* Supplied records *
^^^^^^^^

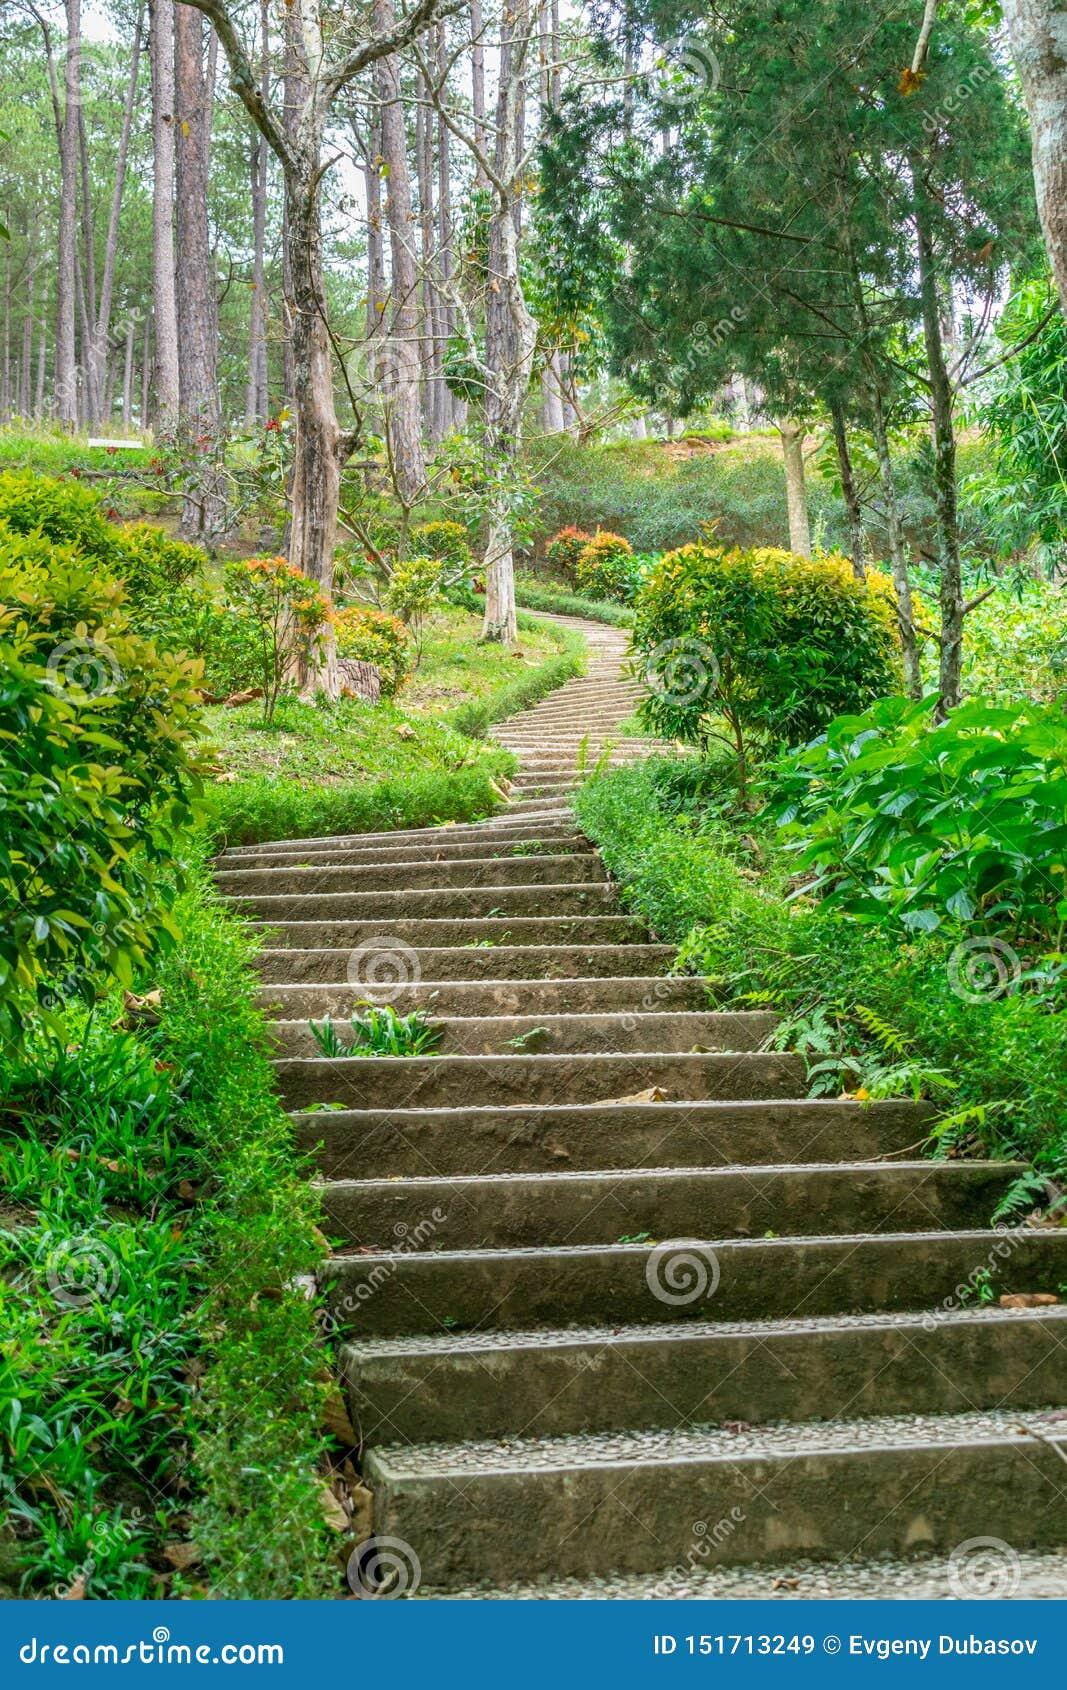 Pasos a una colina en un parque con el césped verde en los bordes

^^^^^^^^

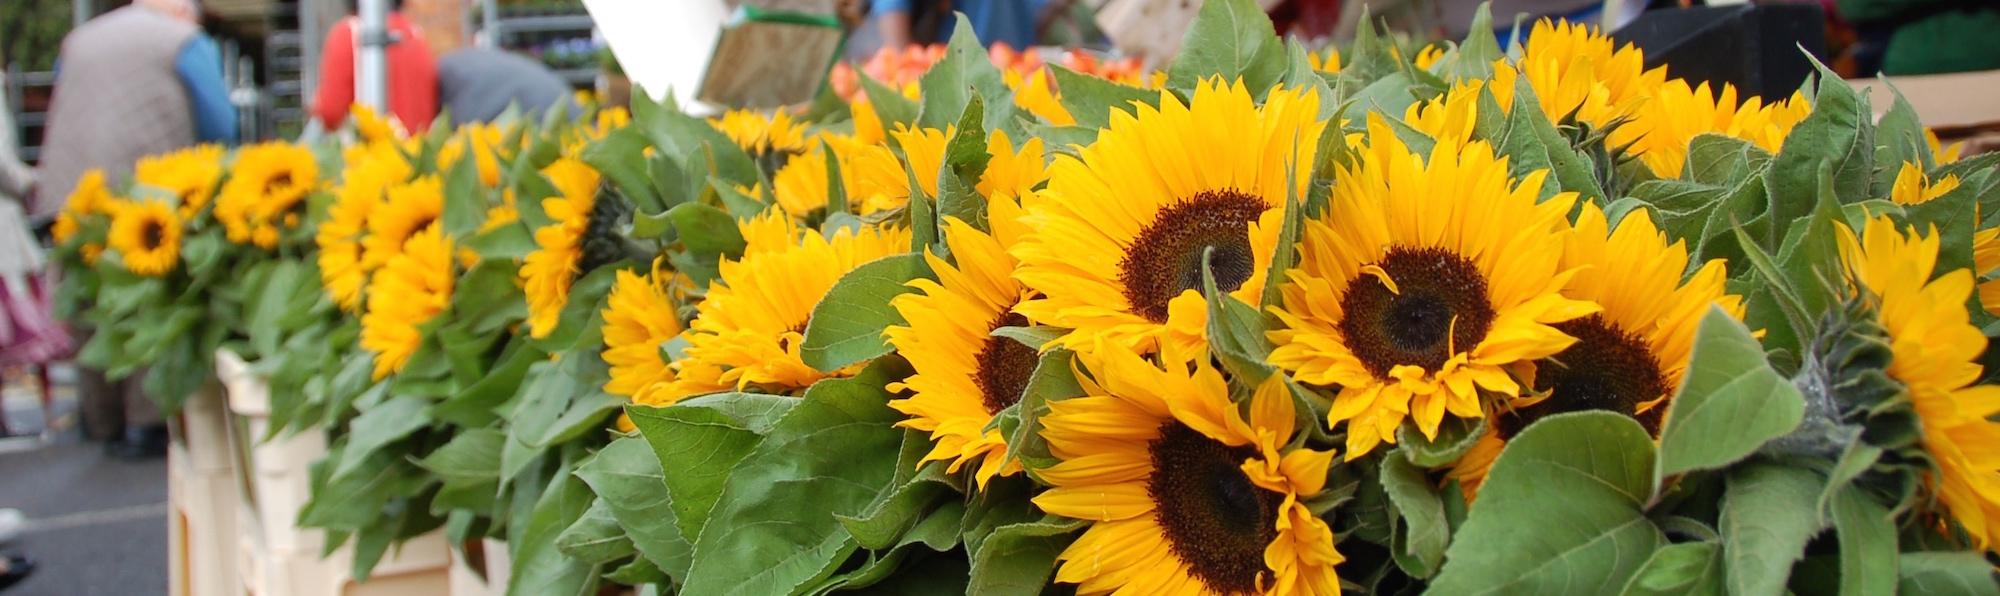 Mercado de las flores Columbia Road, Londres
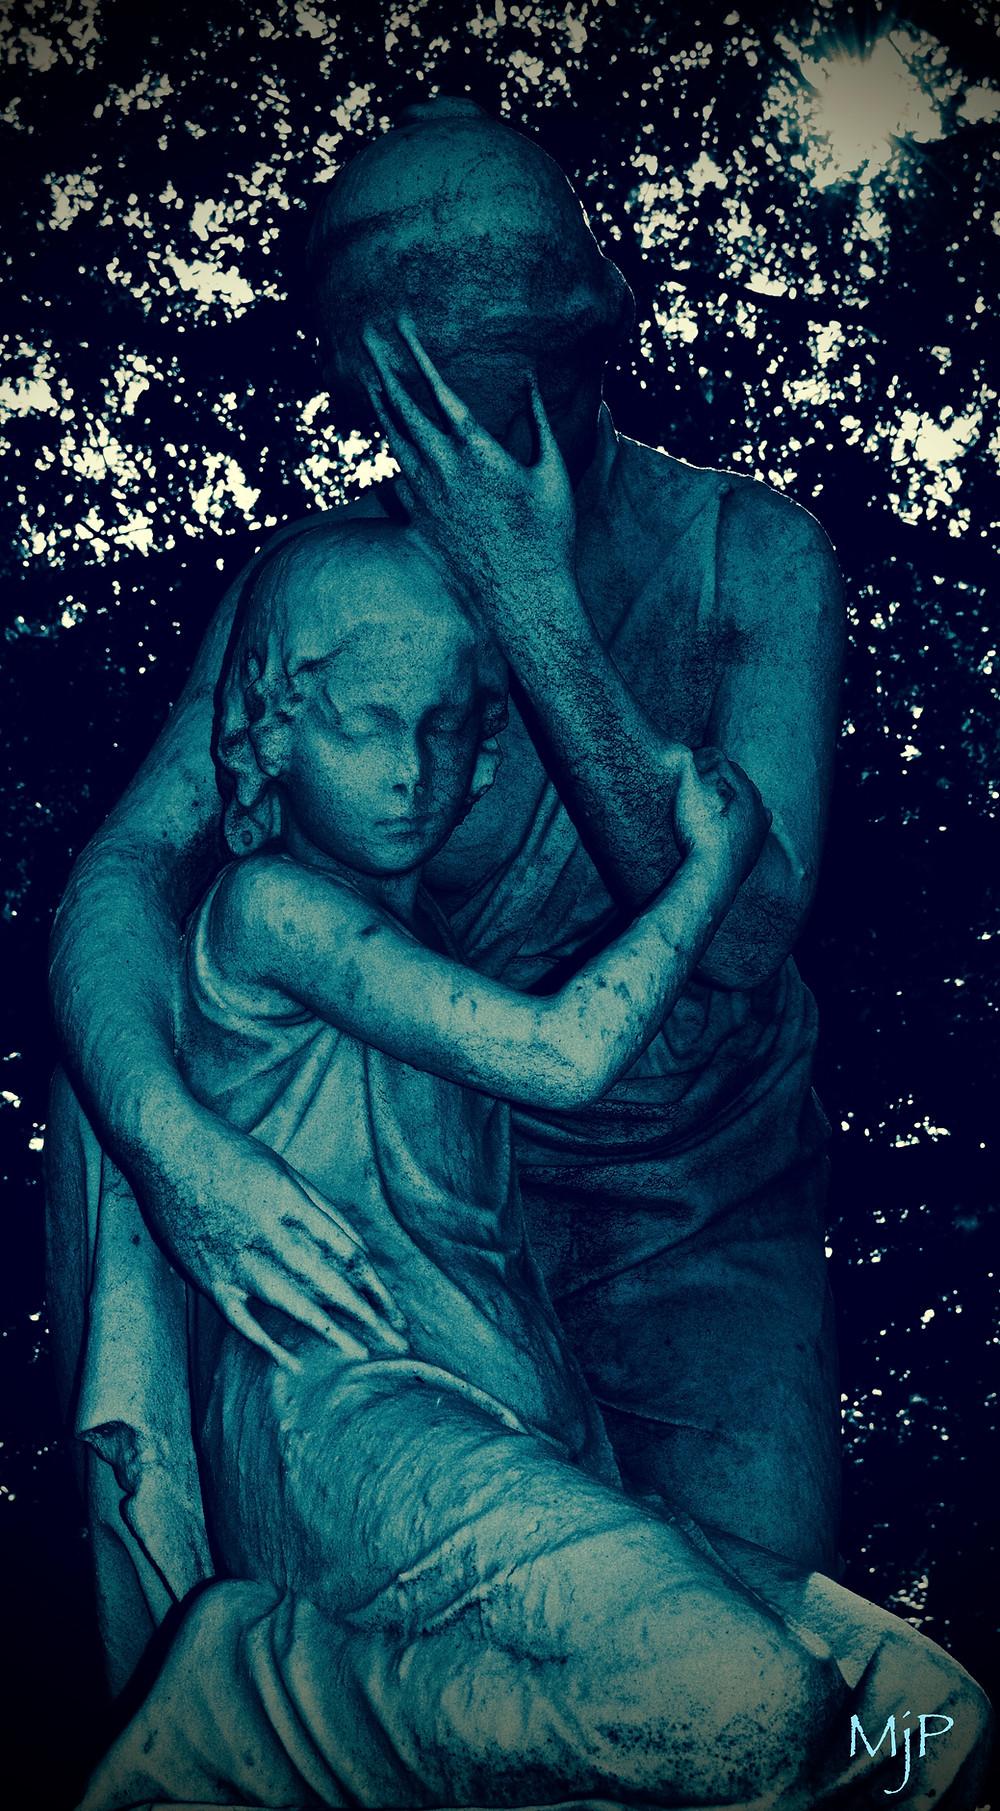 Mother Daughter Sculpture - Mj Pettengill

^^^^^^^^

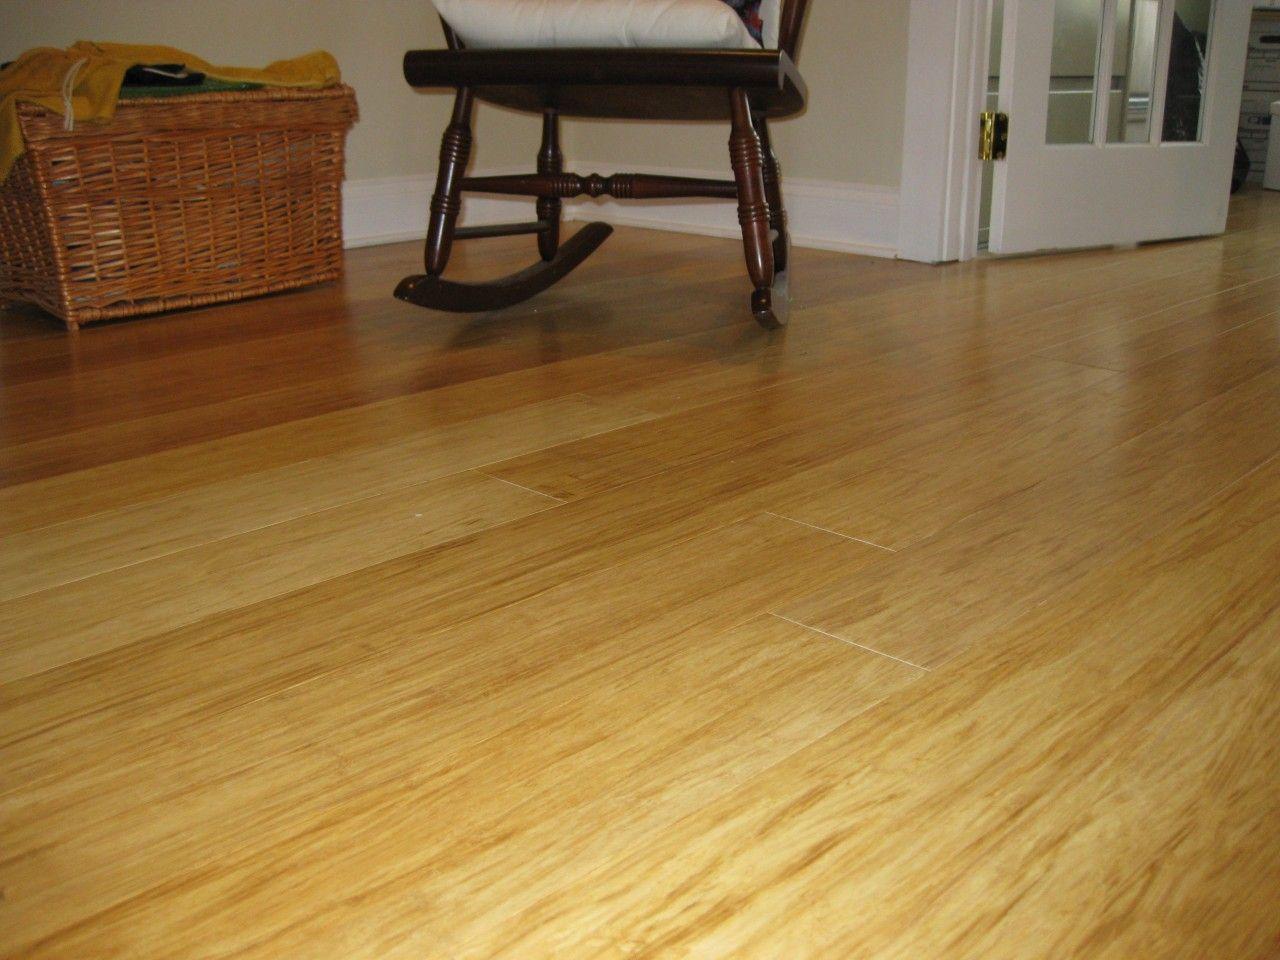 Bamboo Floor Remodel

^^^^^^^^

Working from the entries above, reproduce exactly and only the lines beginning with the line that has "Mercado de las flores Columbia Road, Londres" and ending with the line that has "Mother Daughter Sculpture - Mj Pettengill"; omit all pictures.

* Answer section *
 Mercado de las flores Columbia Road, Londres
 Mother Daughter Sculpture - Mj Pettengill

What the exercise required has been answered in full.